To answer the OP's question accurately, we're going to need more of the set-up.
 

Hambot

First Post
Standard experience for encounters was probably calculated on the assumption that PC's start with a 16 in their best stat, as per the suggested array after taking a race you like the look of that doesn't boost your awesome powers. I play with a girl who always does this (always an elf... always). If PC's aren't hitting all the time due to lack of optimization, the system still works out - I think the big thing for 4e is that it's defaults work well for casual groups. Hardcore players who know what they are doing will want the difficulty level cranked up to "advanced". Lower level monsters are great as big swarms, PC's feel cool and heroic cutting through them once in awhile.
 

James McMurray

First Post
It kinda depends on your definition of "blow through." PCs are supposed to destroy encounters of their level or lower (sometimes level +1) without breaking much of a sweat.
 

Gadget

Adventurer
Weren't people complaining in the 'grind' threads that even lower level challenges where the outcome was not really in doubt were taking too long (and thus grinding) due to high monster hit points and lower PC dps?

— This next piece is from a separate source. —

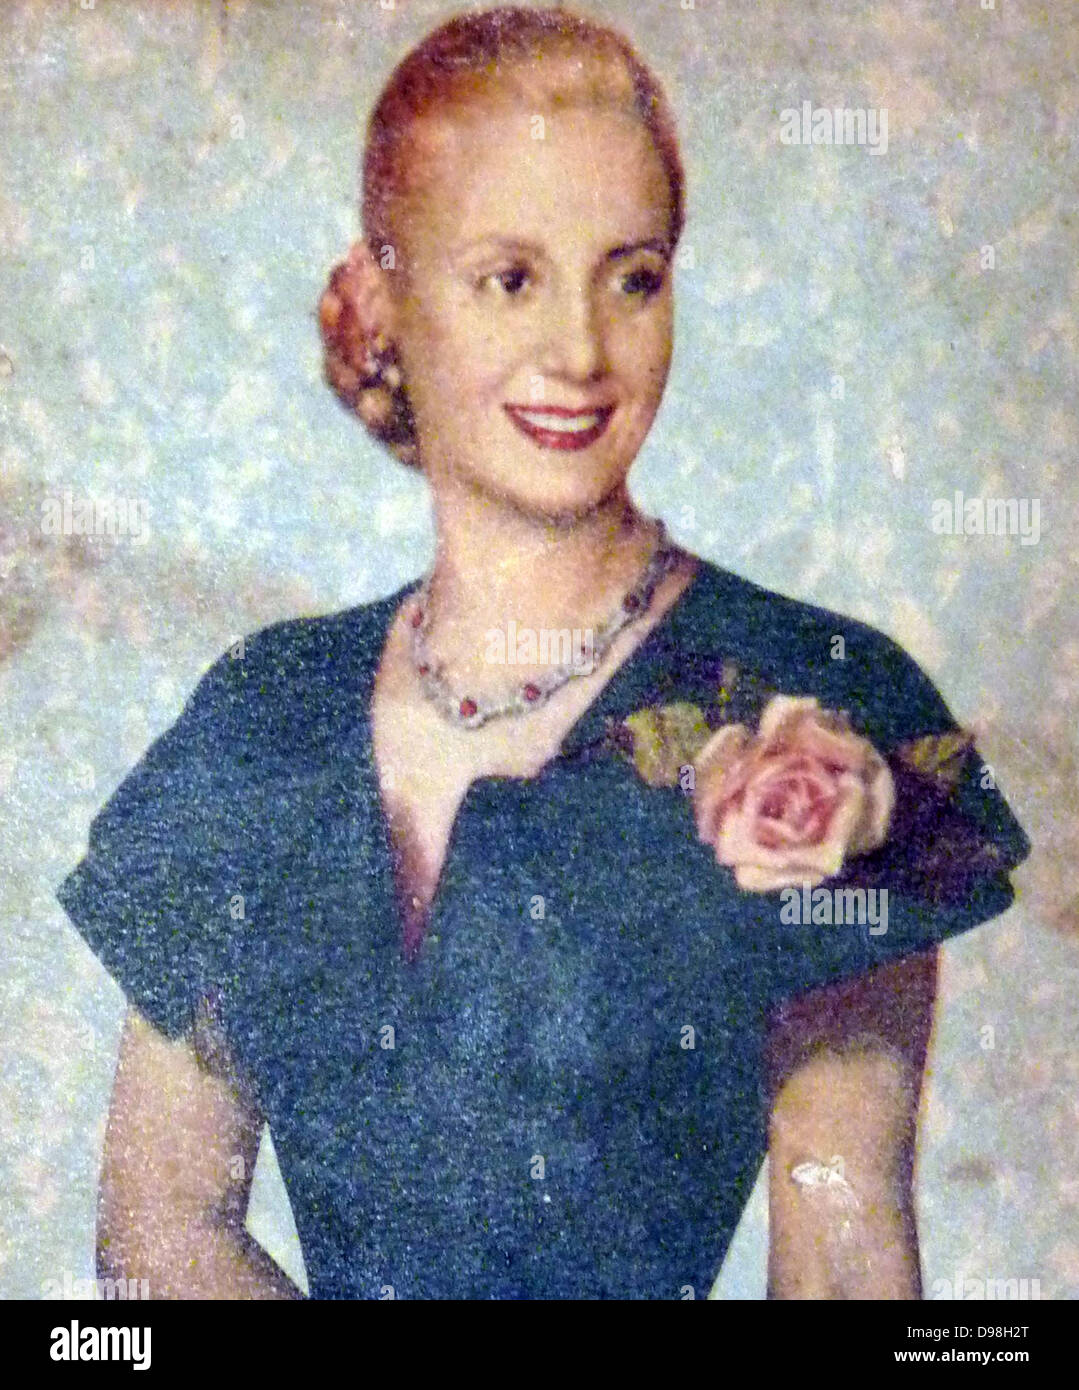 María Eva Duarte de Perón 7 Maggio 1919 - 26 luglio 1952) fu la seconda moglie del presidente Juan Perón (1895-1974) e servita come la prima donna di Argentina dal 1946 fino alla sua morte nel 1952. Essa è spesso indicato semplicemente come Eva Perón, o dalla affettuosa di lingua spagnola diminutivo Evita. Foto Stock

How things change from thread to thread.
 

BigCat

First Post
Thanks for your thoughts, folks. The setup probably was strongly to the party's advantage - soldiers and archers on a pretty much open area. The wizard managed to thrash the baddies with stinking cloud, and the fighter locked down the soldiers pretty quickly. A controller would have made a big difference.
 

LittleFuzzy

First Post
Weren't people complaining in the 'grind' threads that even lower level challenges where the outcome was not really in doubt were taking too long (and thus grinding) due to high monster hit points and lower PC dps?

How things change from thread to thread.

Not so much a change, just a different emphasis. The grindspace threads acknowledge that some mobs are easier, some are harder, depending on what the party is composed of, and that you can do things besides play with monster types or levels to make things challenging. It's primarily interested in how to make encounters spicy and fun, while this thread asks "is it possible to run lower-level monsters and still have a challenging encounter." How to mix things up, as opposed to how to do X encounter. You can do X encounter but you have to design it in such a way that the inherent easiness of the monsters is compensated for. There are only so many ways to do that and if you just keep doing that you will end up running into "grind-space."